Nelson Mail

A royal encounter - read all about it!

- DAVID HILL

Just before Christmas four decades back, I helped raise the literacy levels of the British royal family. It was the winter of 1975-76. We were halfway through a UK working holiday, and I’d landed a job teaching for the pre-Christmas term at Bedales School in Hampshire.

Bedales was – still is – one of those places where the UK’s wealthy arties send their kids for a liberal education.

In my 12 weeks there, I taught poet Ted Hughes’ daughter, novelist Frederick Raphael’s son, and the youngest son of an actor called Sir Laurence Olivier, whom you may have heard of? Lovely kids, all of them, even if they reckoned I pronounced Shakespear­e’s Danish tragedy as ‘‘Hemlut’’.

Another of my pupils was a small, friendly 14-year-old boy. Nothing exceptiona­l about him, except that when the Headmaster mentioned him at my job interview, he also mentioned the on-site bodyguard.
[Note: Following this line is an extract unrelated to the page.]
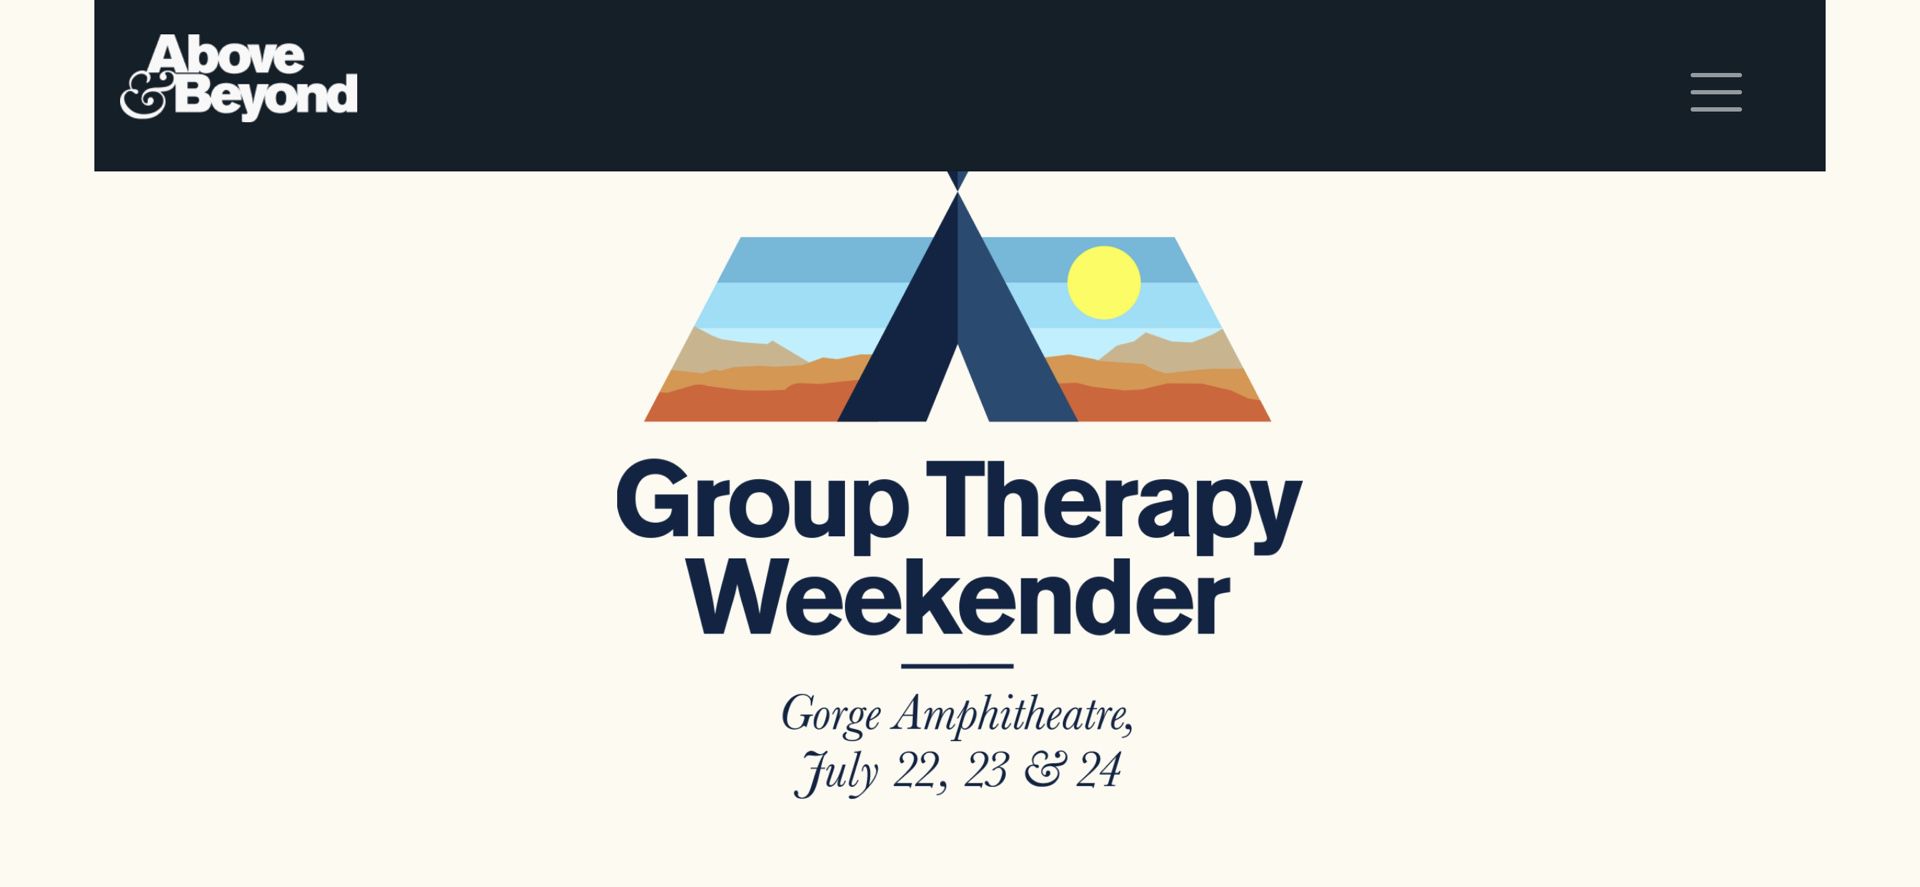 Above And Beyond- 2 Three Day Ticket To The GORGE

The boy was called David, and since staff and students at Bedales address one another by first names, he and I soon got into a jokey morning routine. Me: ‘‘G’day, David.’’ Him: ‘‘Hello, David.’’ I taught him English. Tried to, anyway: his spelling was rotten and his punctuatio­n atrocious. His younger sister Sarah, also at Bedales, was much more academic.

The family he’d been born into meant that even at his age, he had official letters to write and presentati­ons to make. The Bedales headmaster wondered if I could try to help.

I was happy to. Not because of who he was, but because of what he was like: industriou­s, earnest, cheerful, eager. A thoroughly likeable young man.

So in a few one-on-one sessions, we talked about semi-colons and commas; paragraphs and sentences. I mentioned how using a style which echoes your spoken voice can make writing sound natural and appealing. He grasped the idea quickly, and his work began to edge upwards.

I was on my way to the staffroom one day, past the fishpond with its 100-year-old koi, when a figure built like a gun emplacemen­t came around the corner.

‘‘Hello, sir,’’ went the bodyguard. (He always called me ‘‘sir’’; it always made me simper foolishly.) ‘‘Meant to tell you – David’s parents are really happy with his progress.’’

I wandered on, picturing two frequently photograph­ed faces.

Alas, those faces were having their own problems. Just a year later, their marriage tore apart in a blaze of tabloid revelation­s.

Though David struggled with academic subjects, he was excellent at woodwork and craft. No surprise that he’s since become one of the UK’s leading furniture makers and designers. Stores in London’s swanky Burlington Arcade bear his name.

The 1975 Christmas break approached. One afternoon in the last week of term, he had an object on his desk. A handsome little box, top inlaid with different woods. ‘‘That’s nice, David,’’ I said – sincerely. ‘‘You made it?’’

He nodded. ‘‘It’s a present. For my auntie. Would you like to sign the card? The other teachers have.’’

His auntie ... I swallowed. I took my 20p ballpoint from Boots the Chemist and poised it above the Christmas card belonging to David Armstrong-Jones, aka Viscount Linley, only son of Anthony Armstong-Jones, Earl of Snowdon, and Her Royal Highness Princess Margaret Rose.

On the card, I wrote. ‘‘Merry Xmas, Your Majesty’’.